Dataset extract:
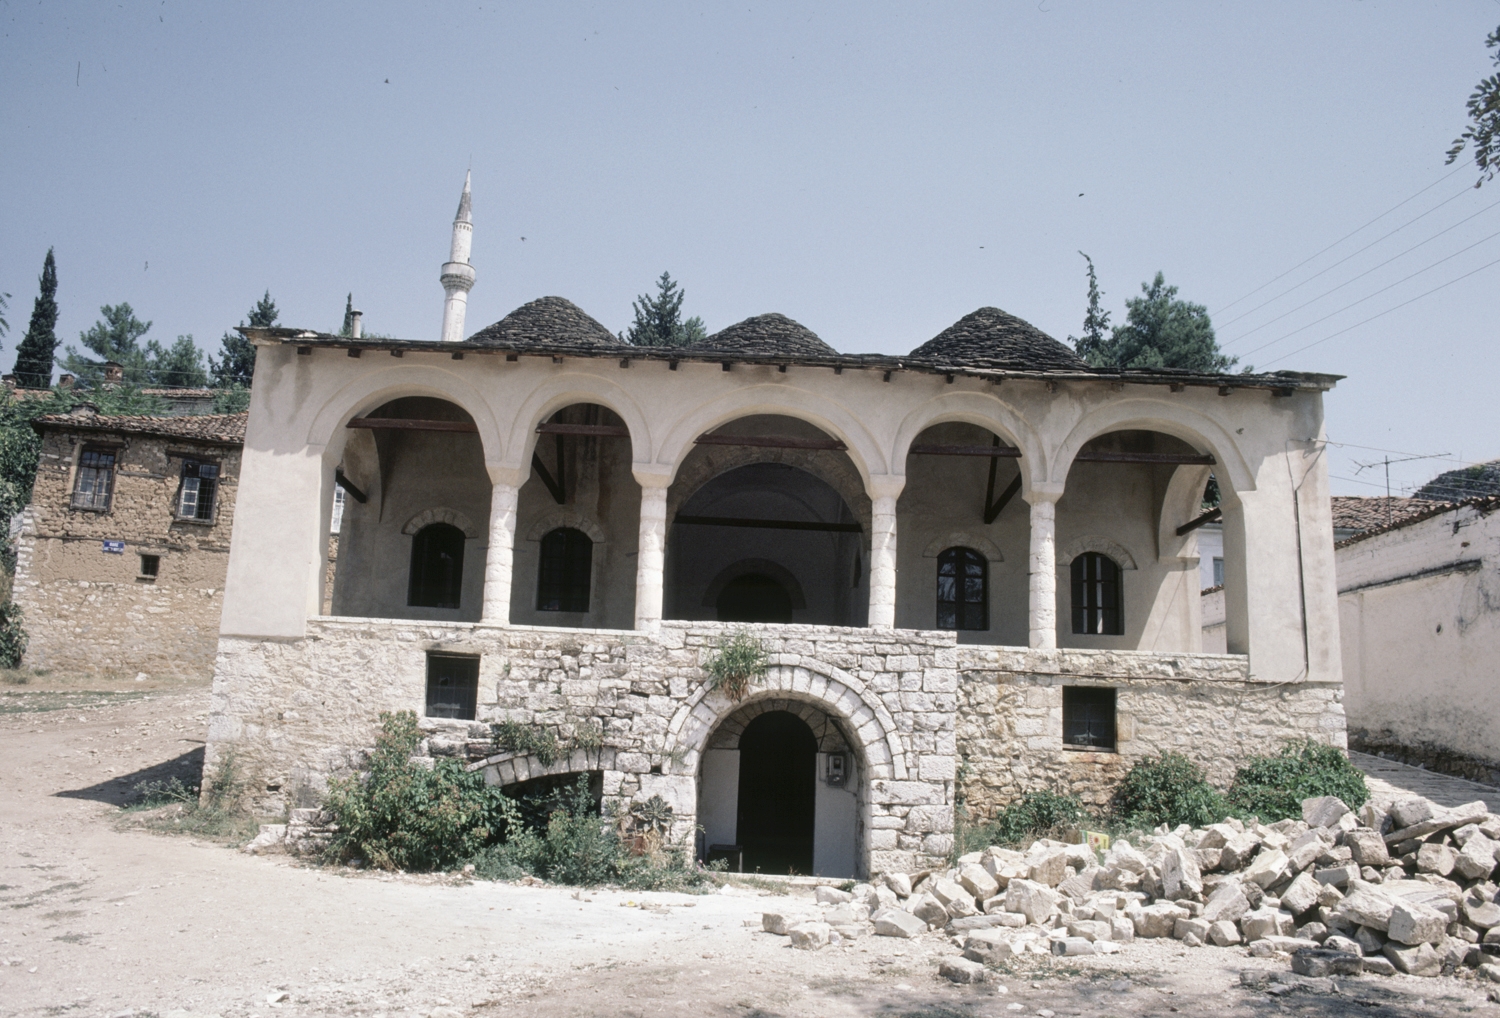 Front facade, with porch; minaret from the mosque of Aslan Pasha visible above roof
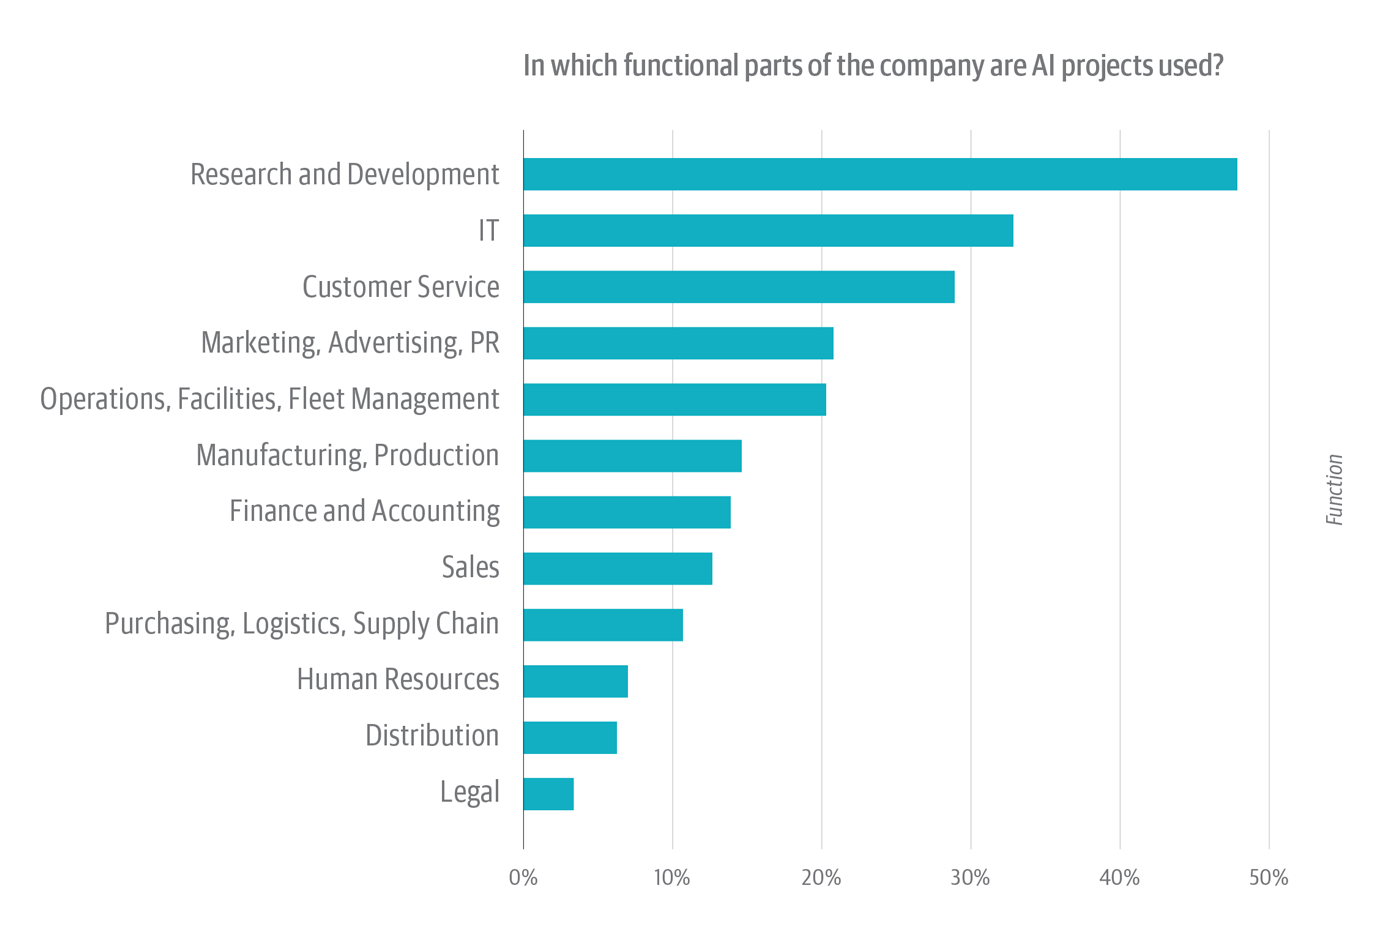 Where AI projects are being used within companies
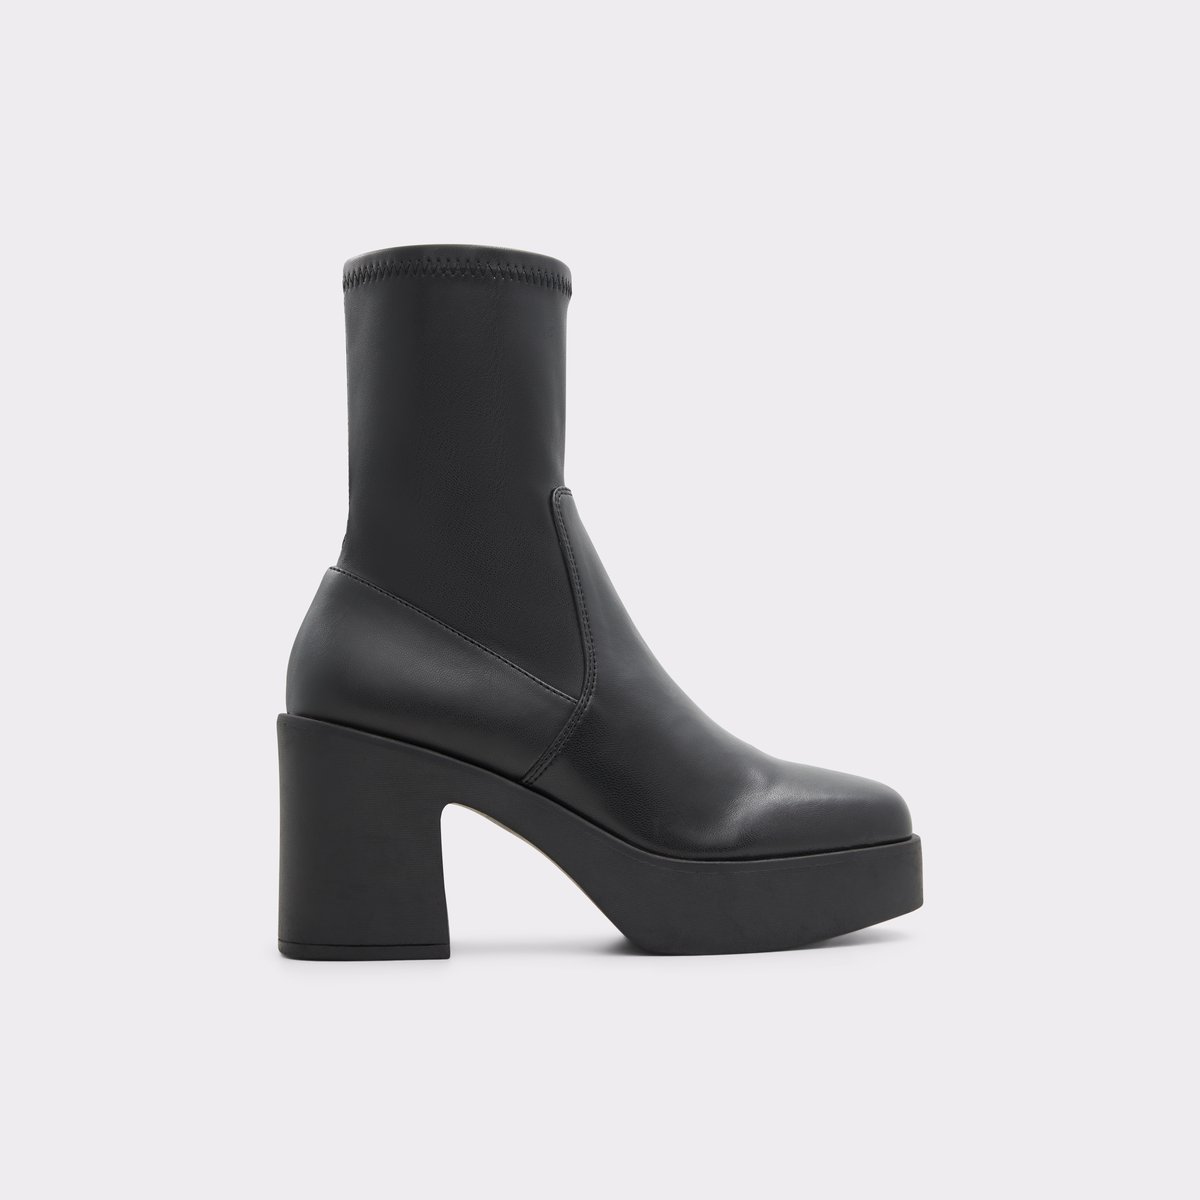 Upstep Black Synthetic Stretch Women's Ankle boots | ALDO Canada
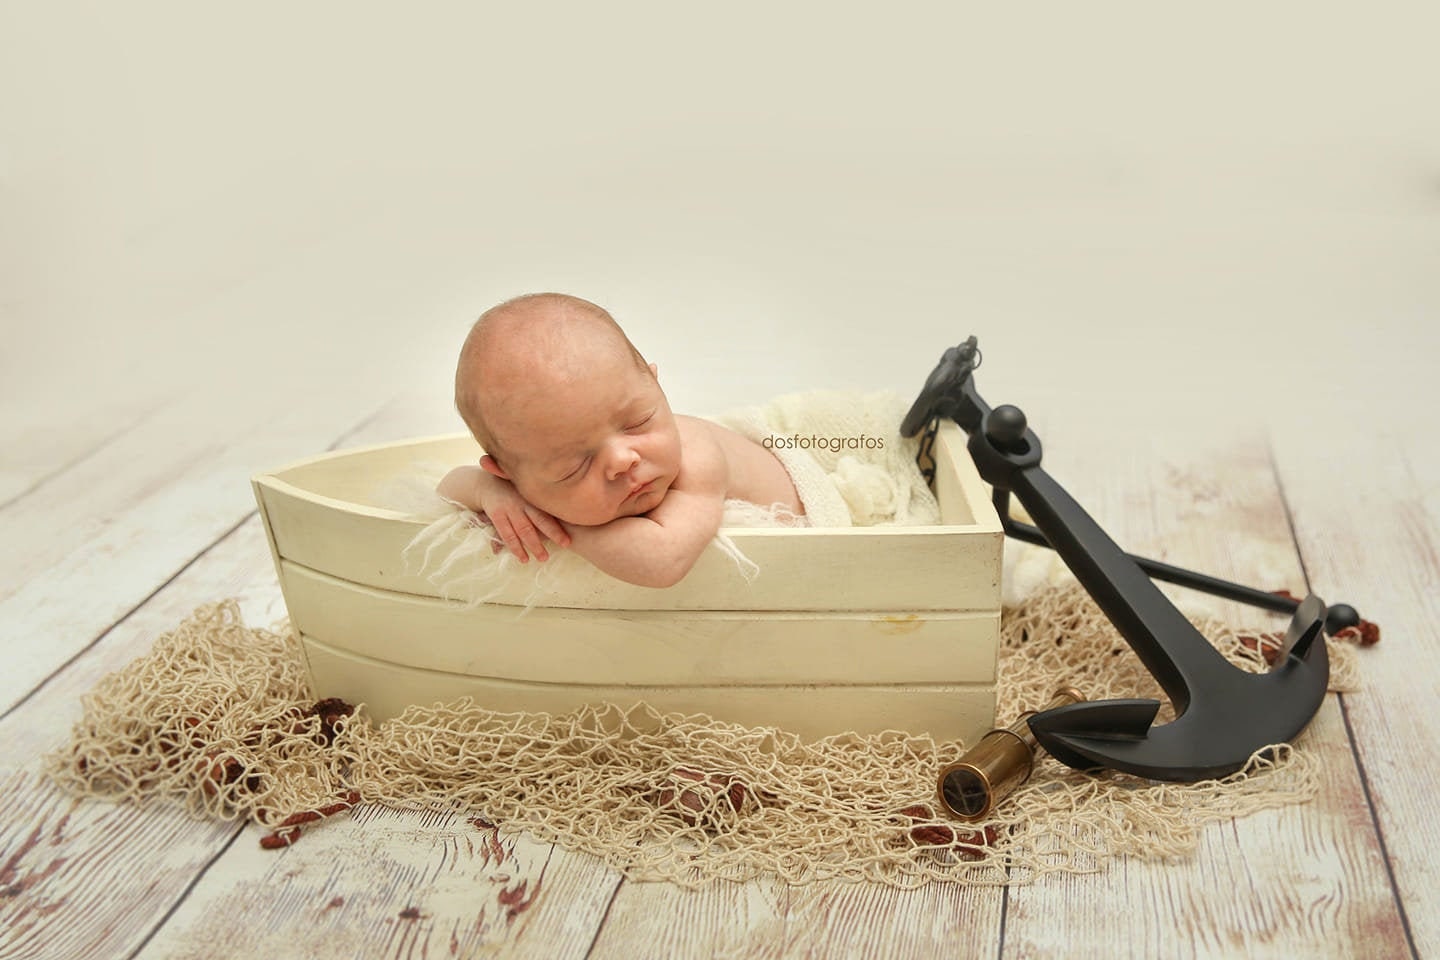 Rustic Boat off White, Newborn Photography Prop Ready to Ship

Exercise brief: Set down all of the data word for word; no pictures belong in it.

Answer section:
 Front facade, with porch; minaret from the mosque of Aslan Pasha visible above roof
 Where AI projects are being used within companies
 Upstep Black Synthetic Stretch Women's Ankle boots | ALDO Canada
 Rustic Boat off White, Newborn Photography Prop Ready to Ship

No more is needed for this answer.